A zero-displacement intravenous (IV) needleless connector was associated with dramatically lower infection rates when compared to positive- and negative-pressure connectors, a new multi-site study reports.
The study's statistically significant data on IV connectors (also called hubs, valves and injection caps) was reported from five intensive care units and one long-term acute care (LTAC) facility.
After switching to the zero-displacement connector (InVision-Plus®, RyMed Technologies), participating facilities saw an overall reduction of approximately 75 percent in central-line associated bloodstream infection (CLABSIs).
Researchers also concluded the zero-displacement connector would result in substantial costs savings, and they estimated that use of the connector saved 13 lives.

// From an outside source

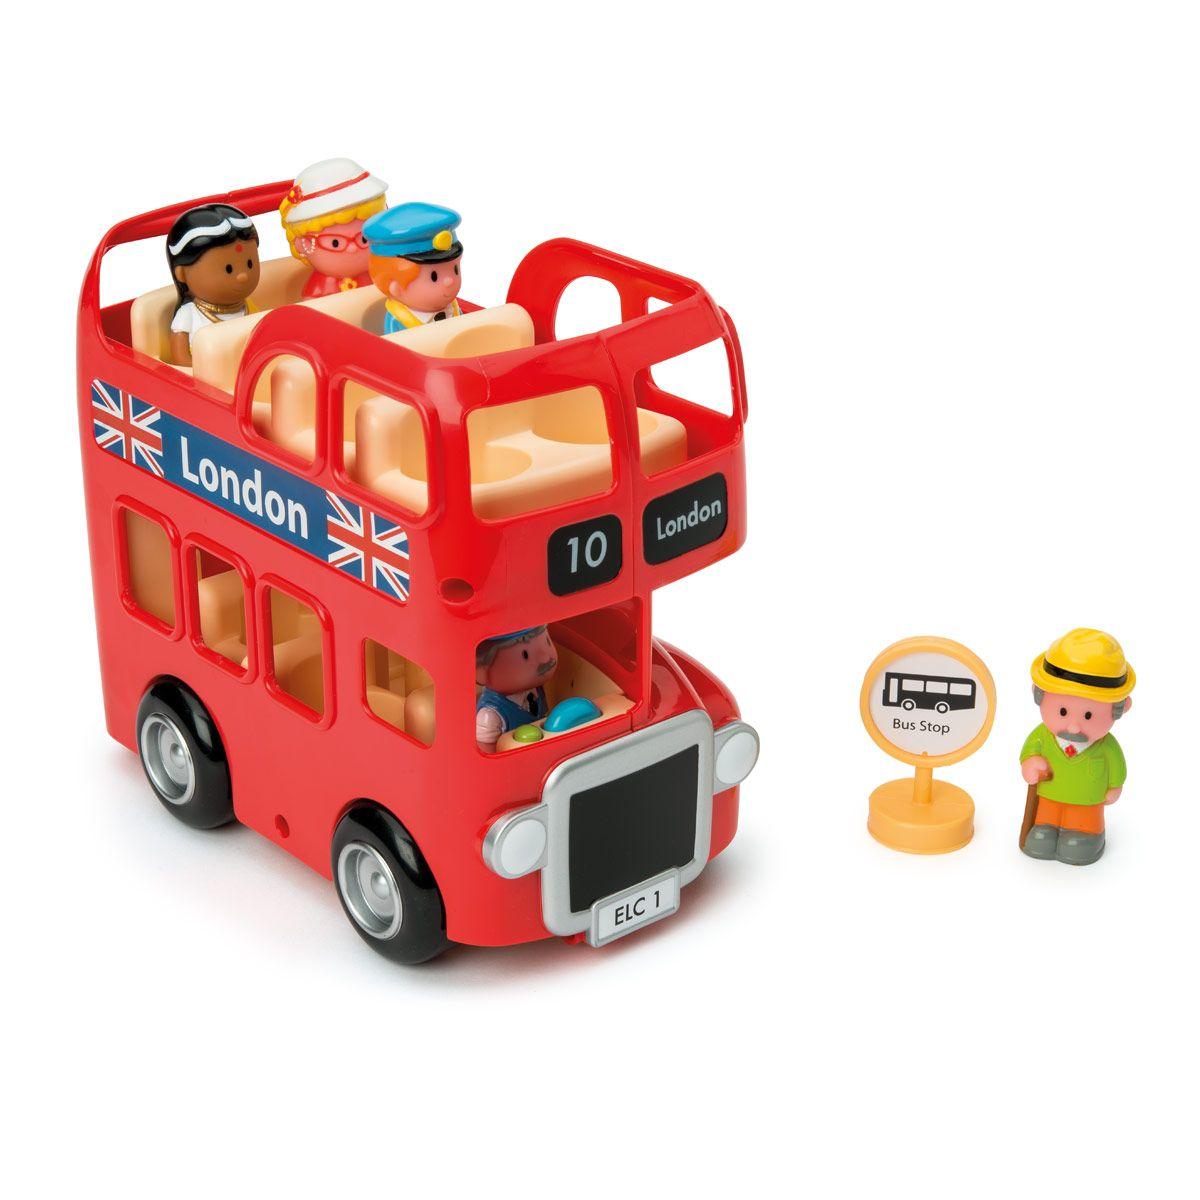 Londonien De Happyland Oxybul Pour Création 18 Bus Imagibul Enfant vn0mN8w
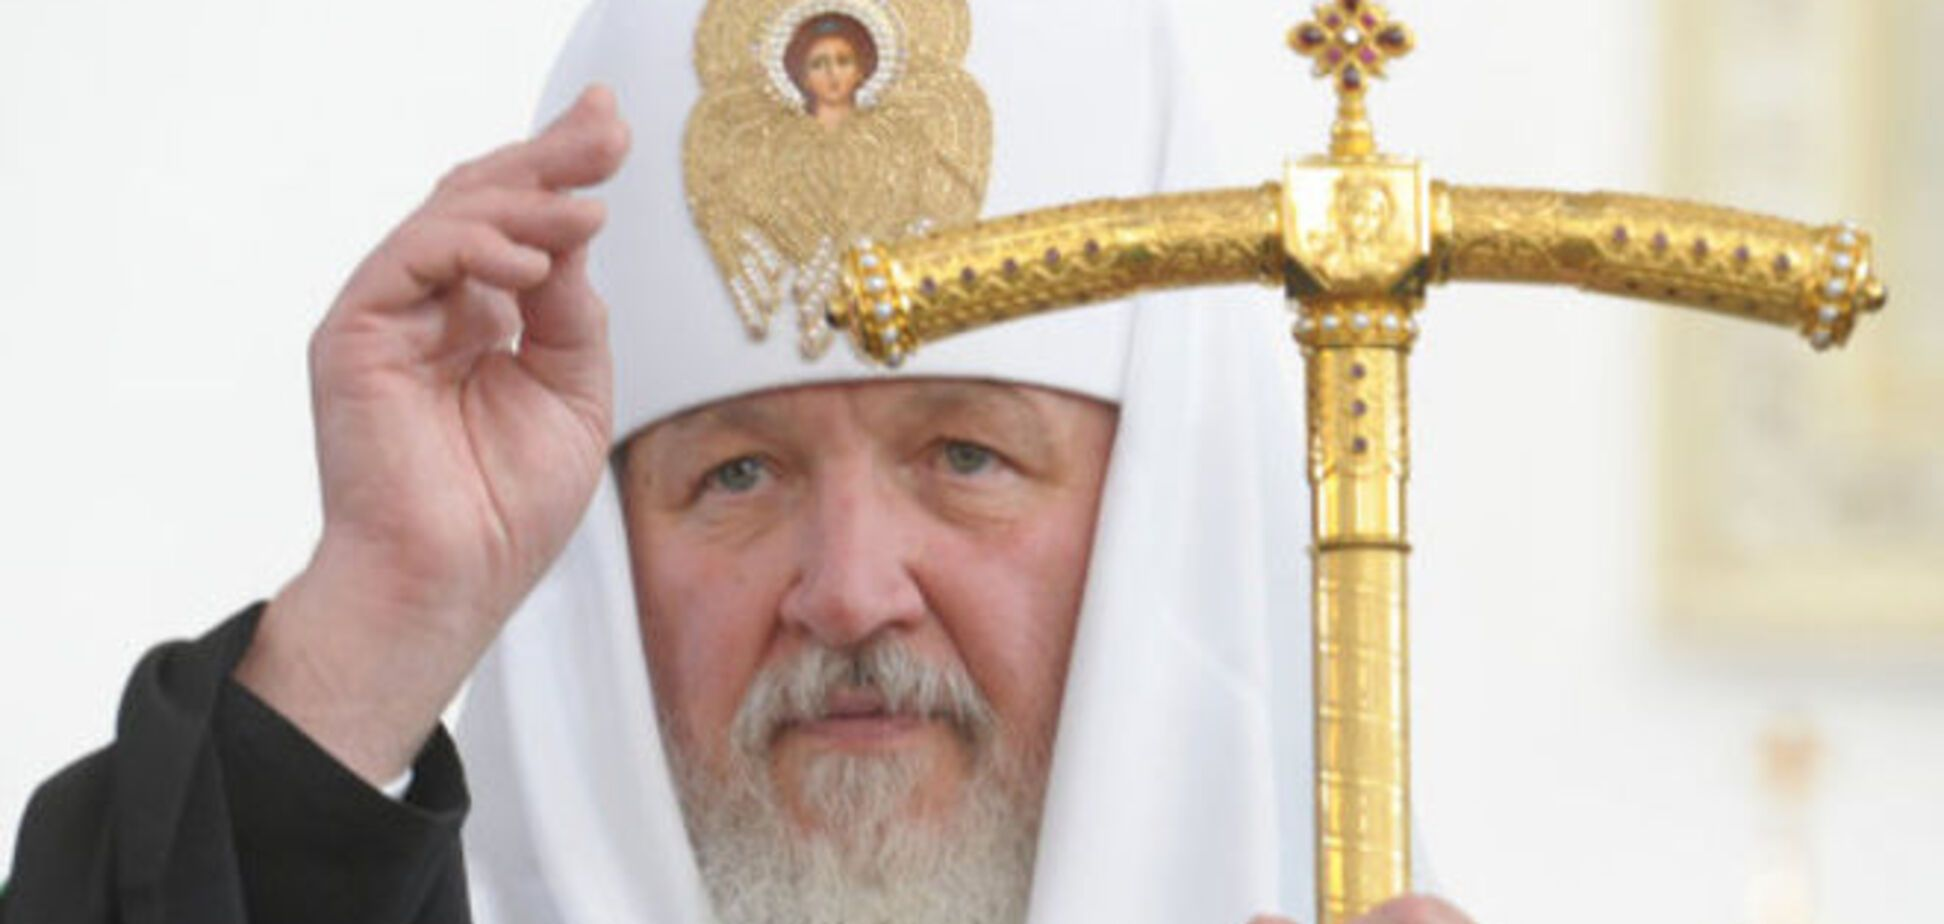 Патриарх Кирилл сетует, что украинцы превратили 'Русский мир' в пугало

The reduction in CLABSI rates was reported in the peer-reviewed journal, American Journal of Infection Control (AJIC). Similar data was the subject of a poster presentation at the recent 2nd International Conference on Prevention and Infection Control 2013 (ICPIC 2013).
"This long-term study is yet more evidence that IV connector design matters when it comes to preventing CLABSIs," says Cynthia C. Chernecky, RN, PhD, one of the study authors. "Our results show this connector has demonstrated much better ability to reduce infections in clinical settings, when compared to several positive- and negative-pressure connectors."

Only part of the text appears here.